🤖 AI Summary
Weak zero-shot generalization of Visual Object Navigation (ObjectNav) to unseen environments and novel object categories stems primarily from the lack of structured reasoning in end-to-end approaches. To address this, we propose a Vision-Language Model (VLM)-driven closed-loop Hierarchical Chain-of-Thought (CoT) framework. It enables dynamic decision-making via adaptive confidence-weighted integration of detection and reasoning modules; introduces a multi-turn question-answering dataset of human demonstrations to support cognition-inspired perception-reasoning co-optimization; and combines hierarchical CoT prompting, VLM fine-tuning, and AI Habitat-based simulation training. Experiments demonstrate substantial improvements over state-of-the-art methods on zero-shot ObjectNav: Success Rate (SR) and Success-weighted by Path Length (SPL) increase by 22.4%. We publicly release our dataset, models, and demonstration videos.
📝 Abstract
Visual Object Goal Navigation (ObjectNav) requires a robot to locate a target object in an unseen environment using egocentric observations. However, decision-making policies often struggle to transfer to unseen environments and novel target objects, which is the core generalization problem.

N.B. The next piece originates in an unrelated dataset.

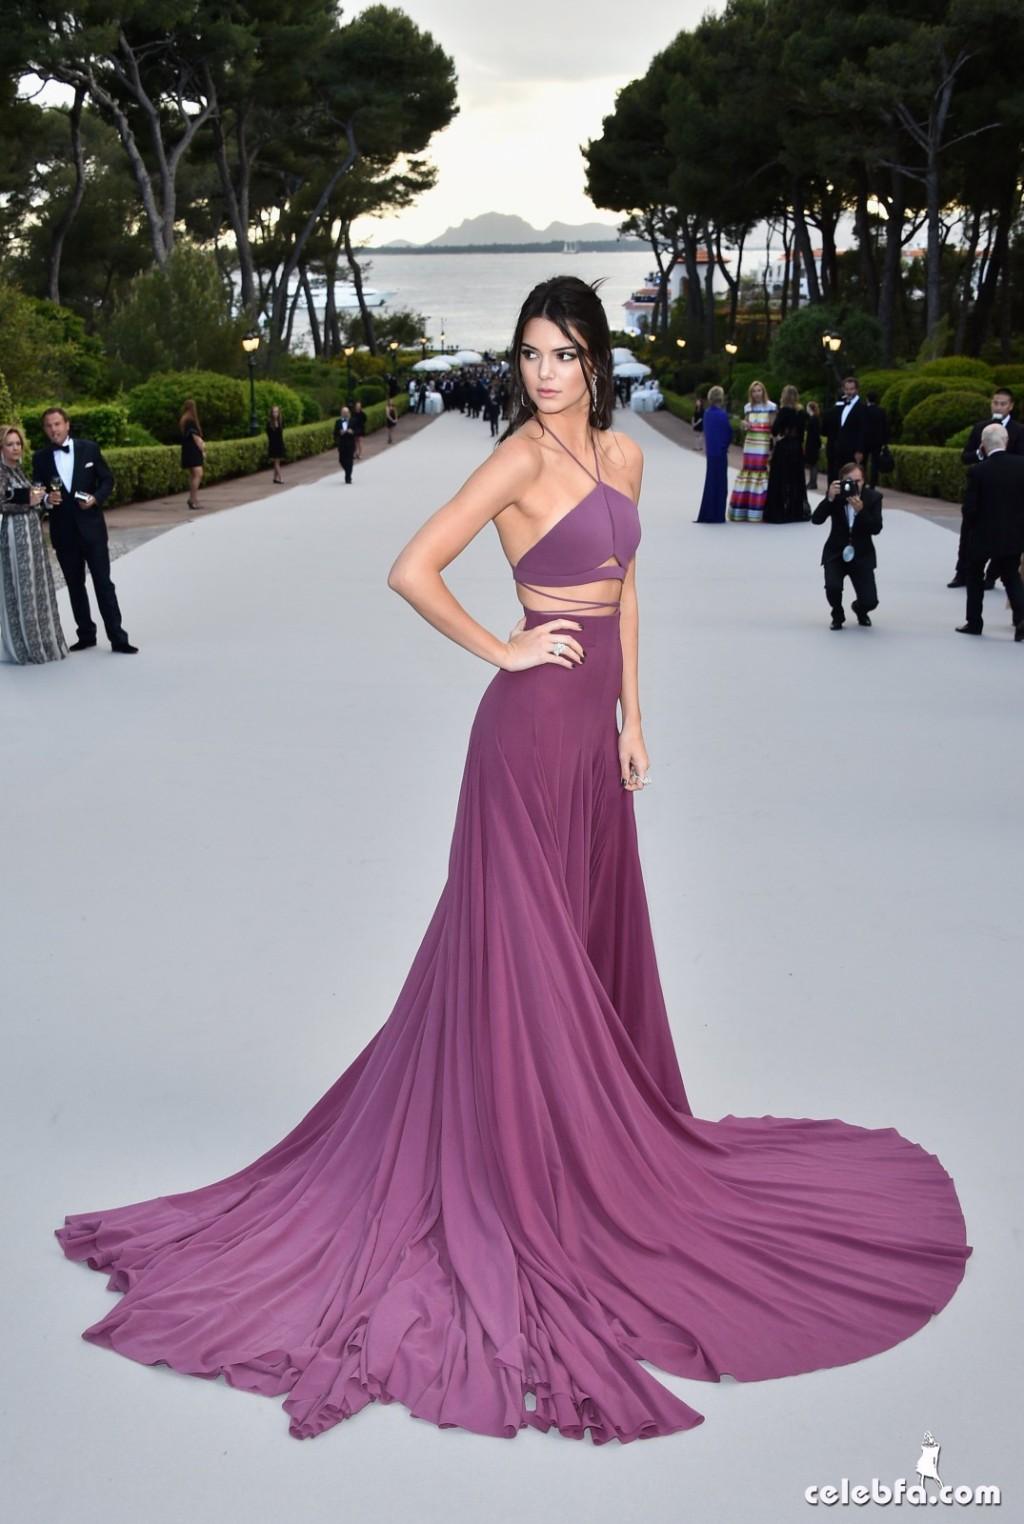 Kendall_Jenner_amfAR's Cannes Gala (3)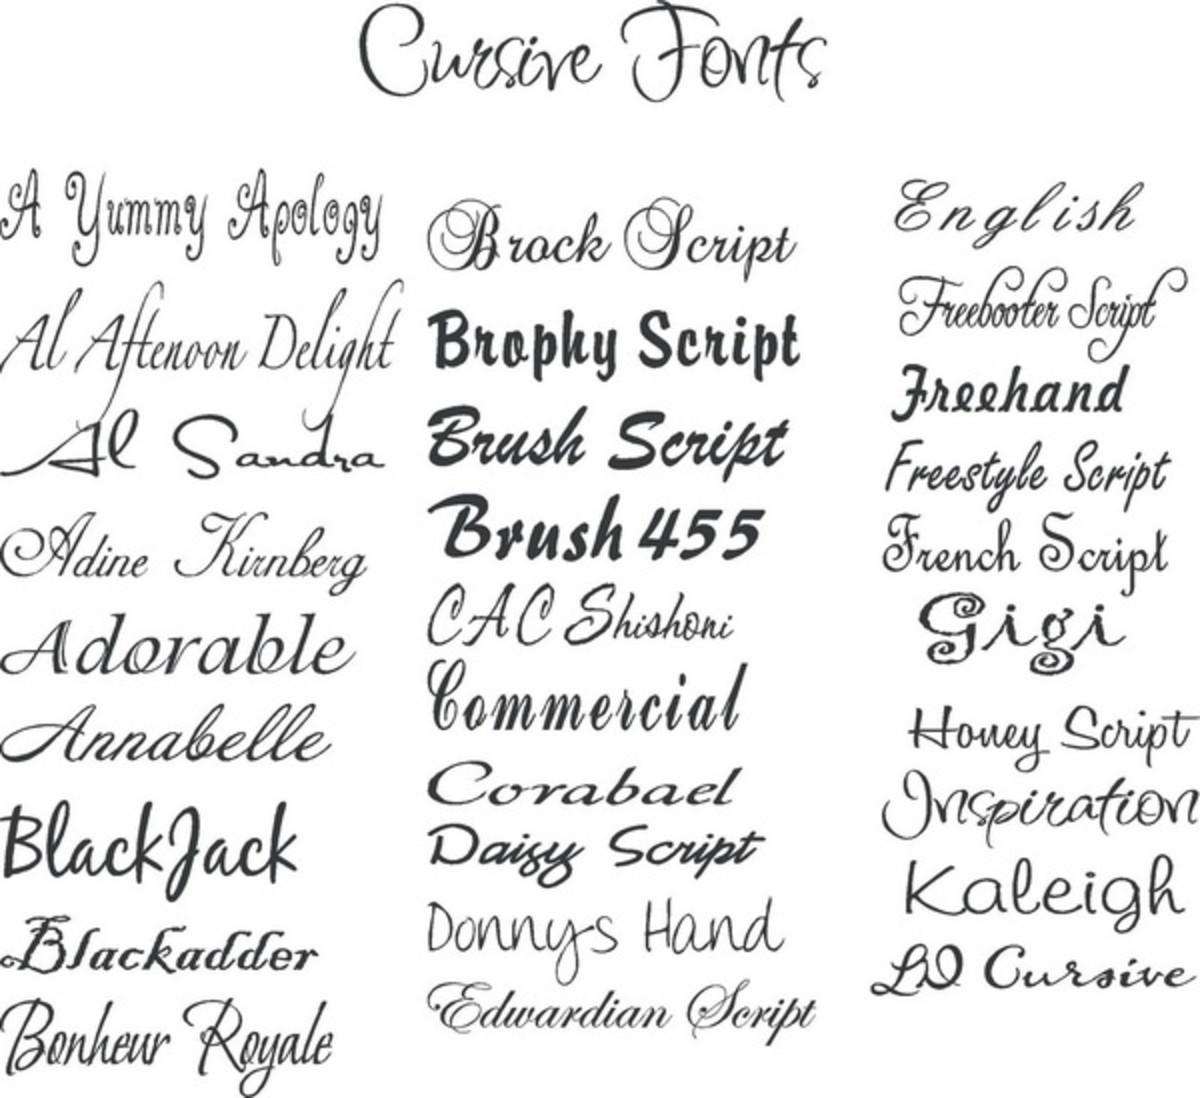 making ebook fonts look like a book

Traditional end-to-end learning methods exacerbate this issue, as they rely on memorizing spatial patterns rather than employing structured reasoning, limiting their ability to generalize effectively. In this letter, we introduce Closed-Loop Hierarchical Chain-of-Thought Navigation (CL-CoTNav), a vision-language model (VLM)-driven ObjectNav framework that integrates structured reasoning and closed-loop feedback into navigation decision-making. To enhance generalization, we fine-tune a VLM using multi-turn question-answering (QA) data derived from human demonstration trajectories. This structured dataset enables hierarchical Chain-of-Thought (H-CoT) prompting, systematically extracting compositional knowledge to refine perception and decision-making, inspired by the human cognitive process of locating a target object through iterative reasoning steps. Additionally, we propose a Closed-Loop H-CoT mechanism that incorporates detection and reasoning confidence scores into training. This adaptive weighting strategy guides the model to prioritize high-confidence data pairs, mitigating the impact of noisy inputs and enhancing robustness against hallucinated or incorrect reasoning. Extensive experiments in the AI Habitat environment demonstrate CL-CoTNav's superior generalization to unseen scenes and novel object categories. Our method consistently outperforms state-of-the-art approaches in navigation success rate (SR) and success weighted by path length (SPL) by 22.4%. We release our datasets, models, and supplementary videos on our project page.